Monday, 27 July 2015

P- Notes's



The Nifty tanked 1.88% on the first trading day of the last week of July 2015. The sharp plunge in the benchmark indices was on account of two reasons – one in the global context and the other in the domestic context. China’s equity market tanked 8.48% on 27th July 2015, which led to global equity markets also feeling the pinch as the World’s second largest economy is set to grow at a slower pace than expected. The P-Notes issue has once again come into limelight similar to the situation that was seen in 2007. 

Participatory Notes commonly known as P-Notes are instruments through which foreign individuals, hedge funds and others invest in India’s stock markets without being registered with market regulator Securities and Exchange Board of India (SEBI). P-Notes are popular with foreign investors because they are able to save time and the costs associated with direct registration with Indian authorities. In 2007, a crackdown on P-Notes had led to a 10% fall in the Sensex within minutes of the market opening. Trading had to be halted and then finance minister P Chidambaram had to make statements to calm the markets.

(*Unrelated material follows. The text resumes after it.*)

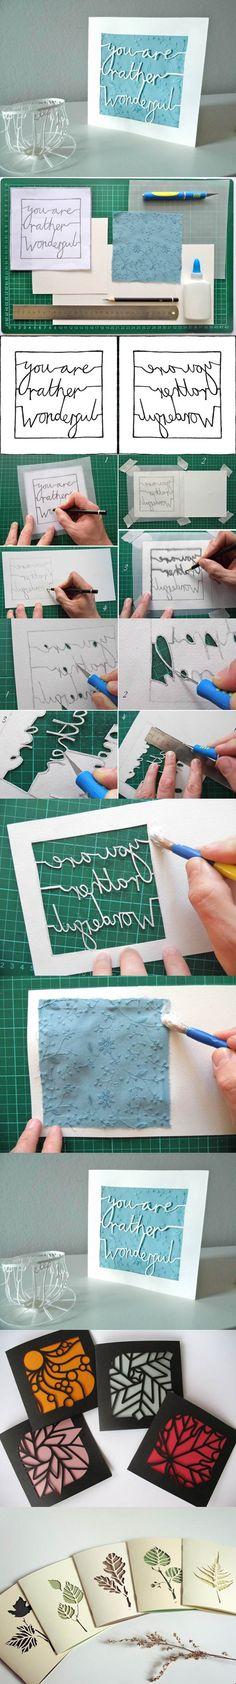 DIY Simple Kirigami Greeting Card | iCreativeIdeas.com Like Us on Facebook ==> https://www.facebook.com/icreativeideas
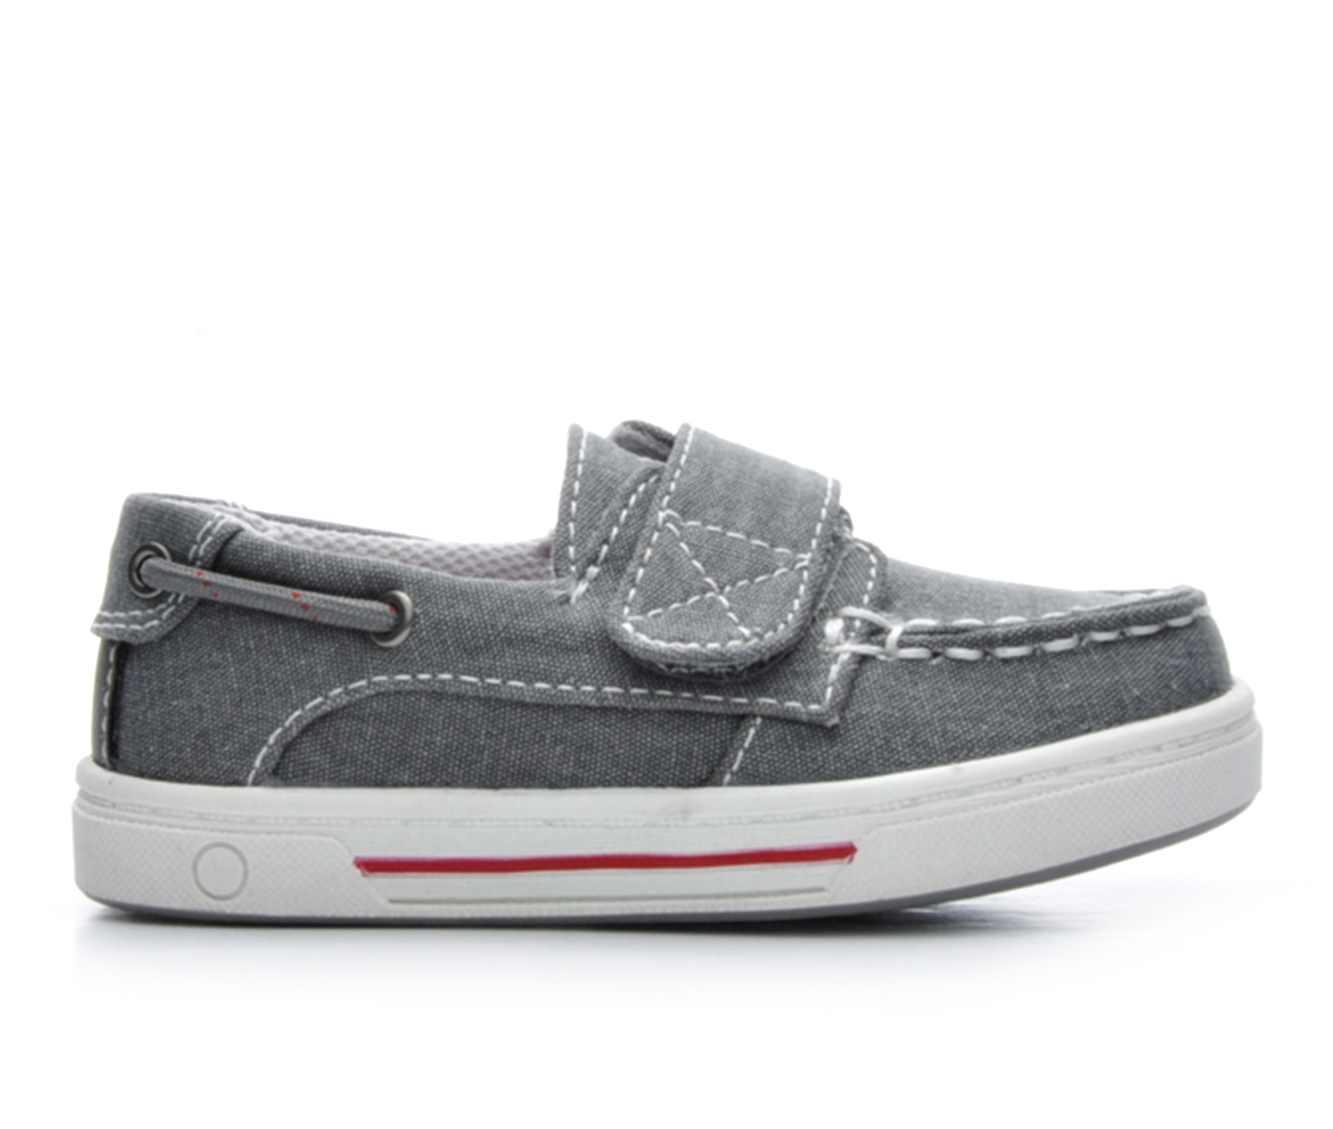 Boys' Anchors Edge Bay Infant Sammy Boat Shoes (Grey)

Investments through participatory notes in India’s capital market were about USD 43 billion at the end of June 2015. This amounts to 21% of the total foreign institutional investment (FII) in Indian markets. Investment through P-Notes has been steadily decreasing over the years. Till a few years ago, P-Notes used to account for more than 50% of total FII investments, but their share has fallen as SEBI has tightened disclosure norms and other related regulations.

The Supreme Court appointed special investigation (SIT’s) recommendation of stricter norms for P-notes would be viewed negatively by the market. SIT suggested that SEBI put in place regulations to help identify individuals holding P-notes or off shore derivative instruments (ODI) and take appropriate steps to curb black money and tax evasion using the stock exchange.

Based on data from SEBI, SIT report said a major chunk of the offshore derivate instruments that invested in India were coming from Cayman Islands around 31%, which translates into INR 85,000 crores. In 2010 Cayam island has a population of 59,000 going by the 2013 census which suggest that with this kind of population and size most funds flowing from Cayam islands are not originated from there but the jurisdiction is just used as a conduit to channelize the funds into the stock market. By which it definitely cannot be concluded that all the funds that are coming from offshore jurisdictions would result in tax evasion. Most of the funds that are channelized via an offshore jurisdiction like Cayam are structured in a way to take most use of the tax treaties between nations resulting in efficient tax planning and better net return on capital. 

Investors need not panic as the P-Notes issue is a temporary obstacle and the long term growth story remains intact for the Indian economy. Any correction in the benchmark indices would present an opportunity to buy from a long term perspective. The Finance Minister has given a clarification that the Government would not take any drastic steps to demotivate FIIs and spoil the investment climate in the economy.

With growth slowing around the world along with China, the long term story of India looks intact with favorable demographics, stable government and growing consumption the long term story of India looks intact and the events like P-note saga could impact the markets in the short term but on a long term horizon the markets would continue to grow outperform most markets around the world.